TASK GOAL → Transcribe the listing that follows in full, exactly, and drop its images.

AVAILABLE DATA →
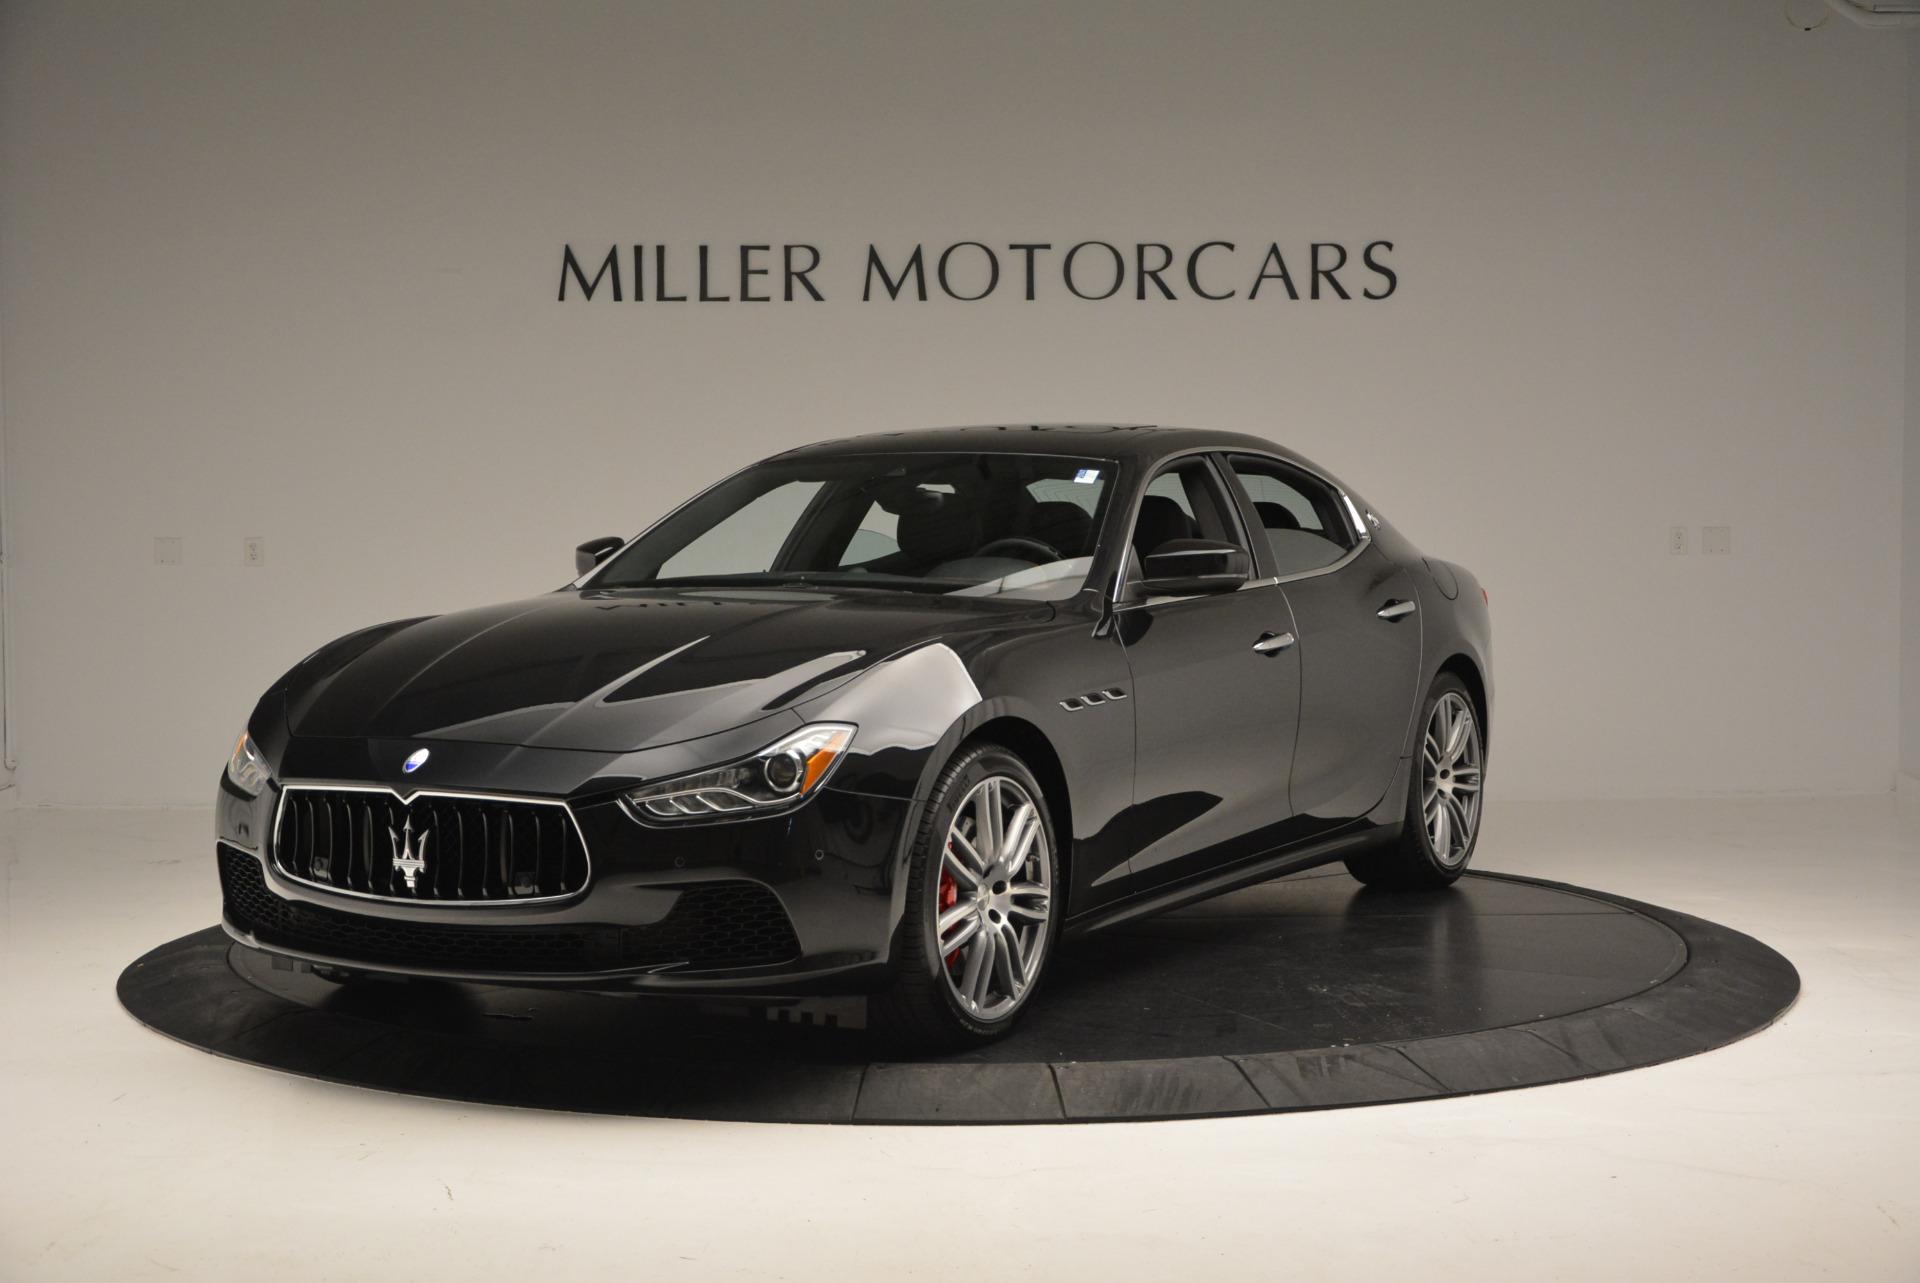 New 2017 Maserati Ghibli S Q4 for sale Sold at Maserati of Westport in Westport CT 06880 1
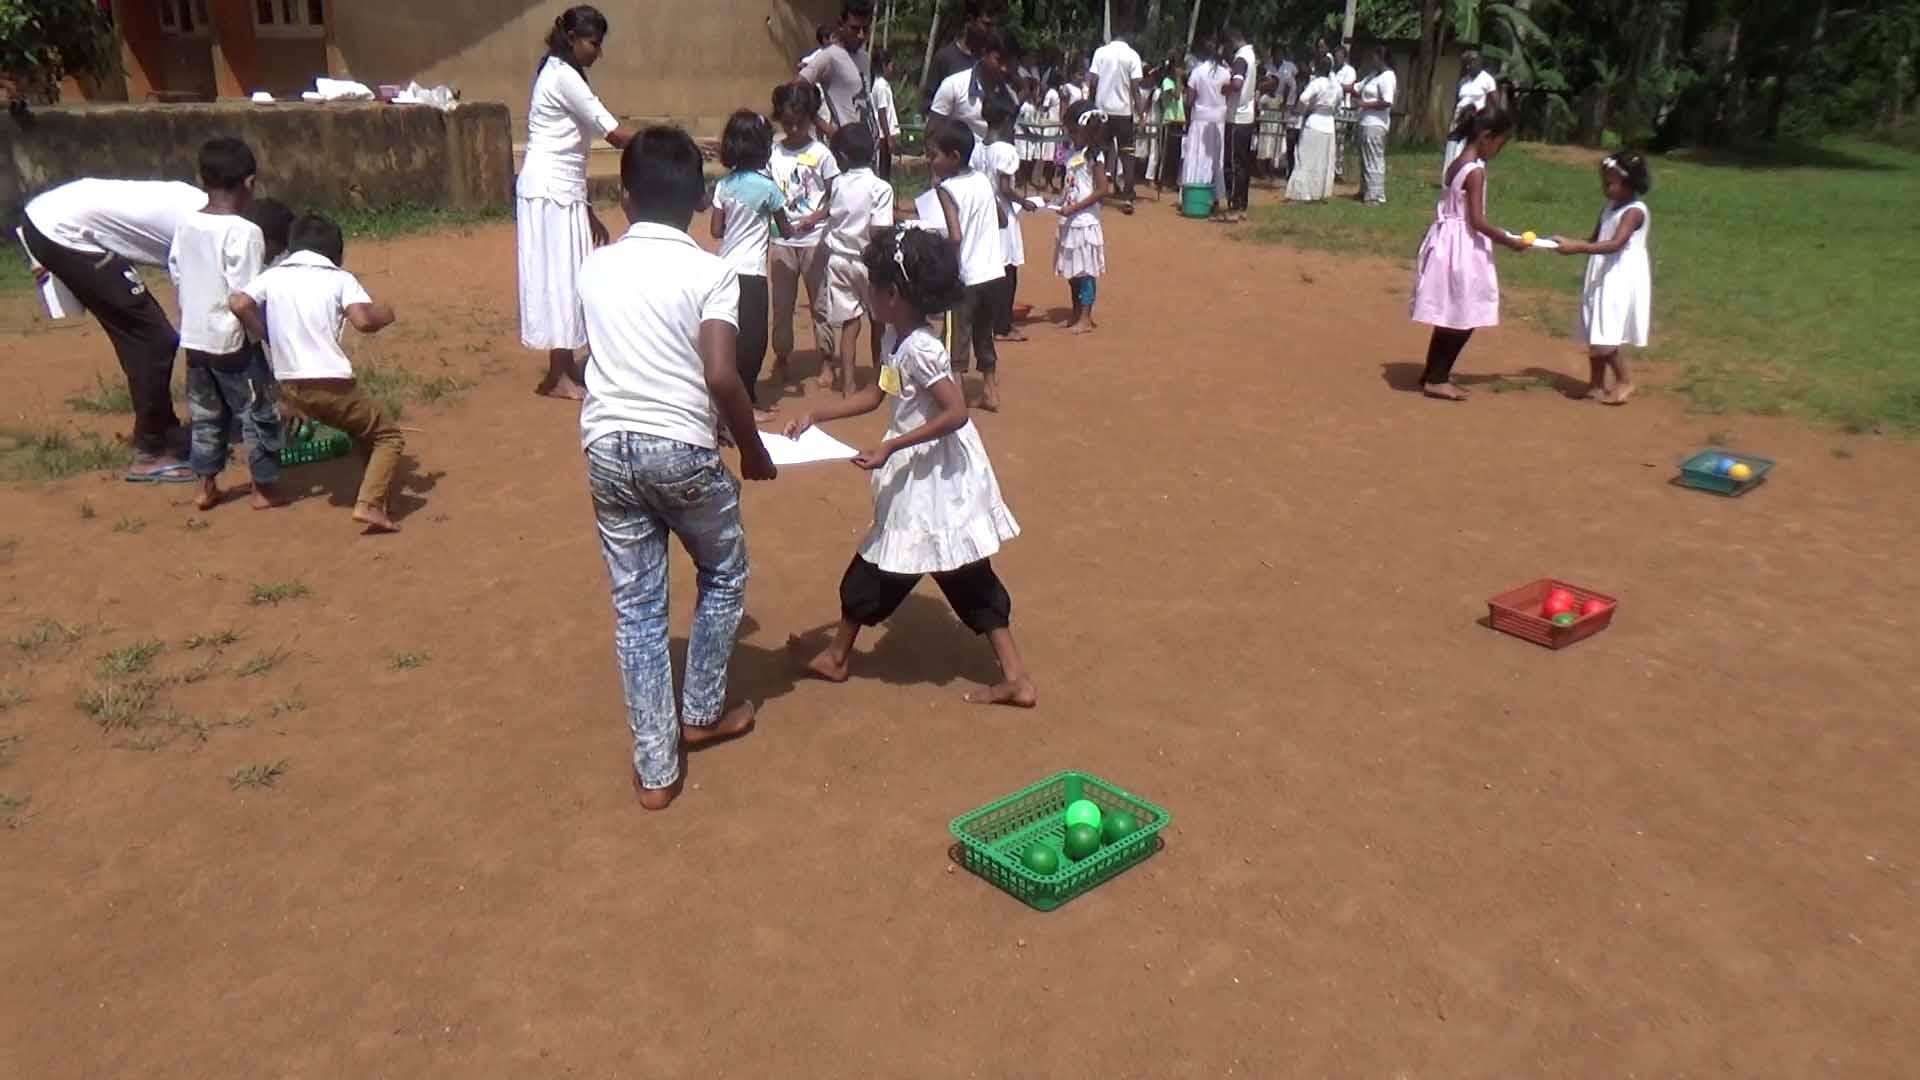 Sati Pasala Mindfulness Camp at Meethirigala Kanishta Vidyalaya-mindful games (26)
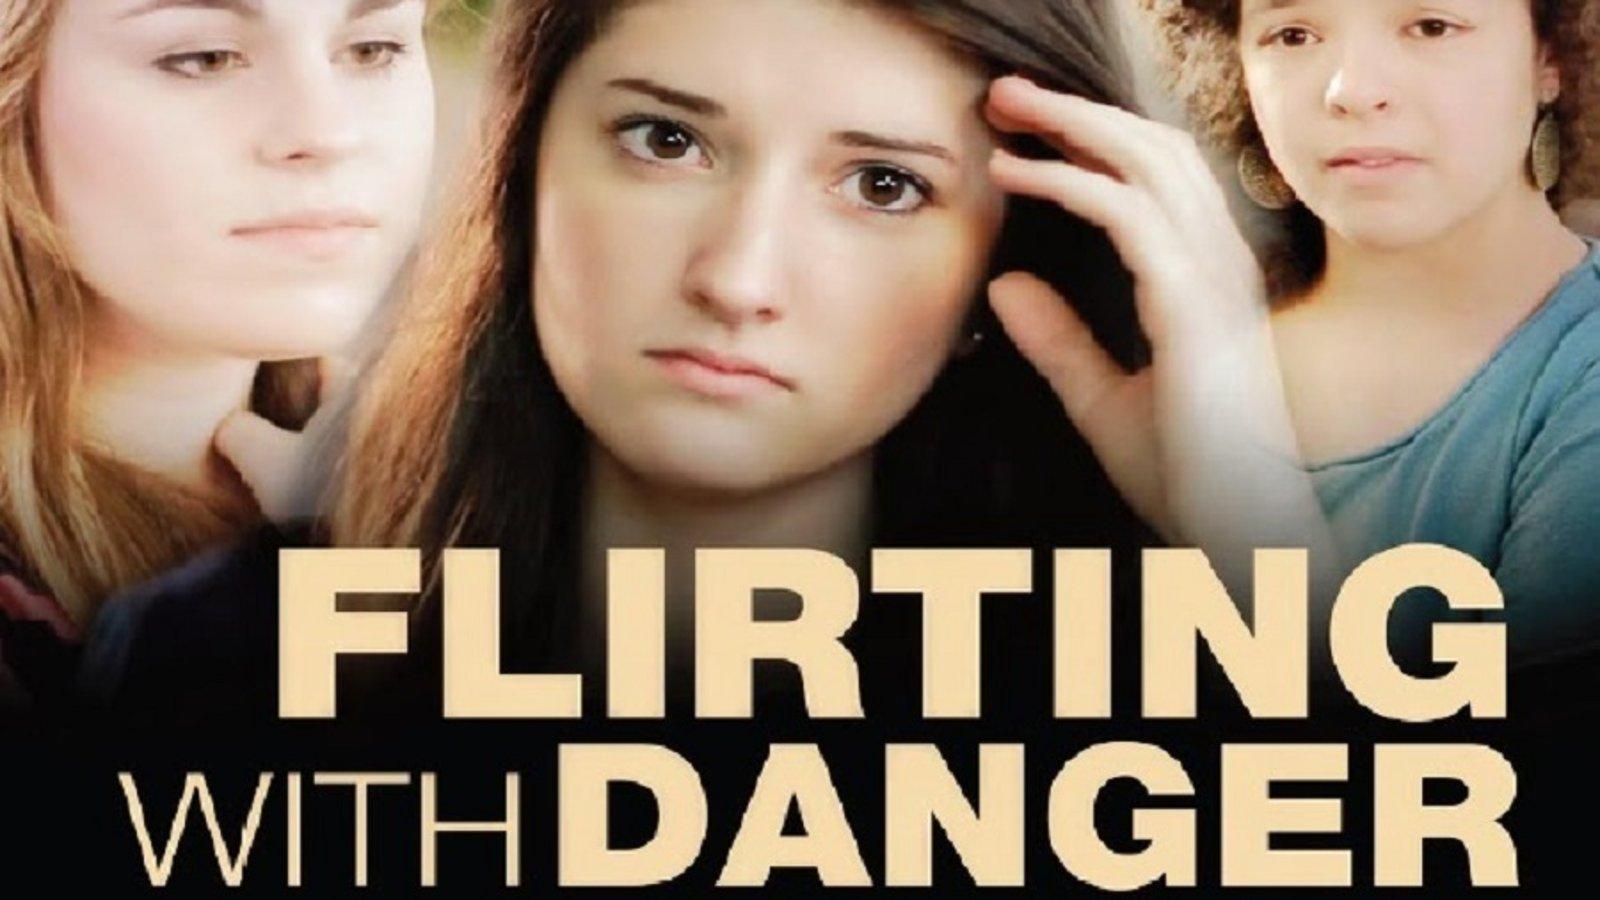 Flirting With Danger - Power & Choice in Heterosexual Relationships

EXPECTED OUTPUT →
 New 2017 Maserati Ghibli S Q4 for sale Sold at Maserati of Westport in Westport CT 06880 1
 Sati Pasala Mindfulness Camp at Meethirigala Kanishta Vidyalaya-mindful games (26)
 Flirting With Danger - Power & Choice in Heterosexual Relationships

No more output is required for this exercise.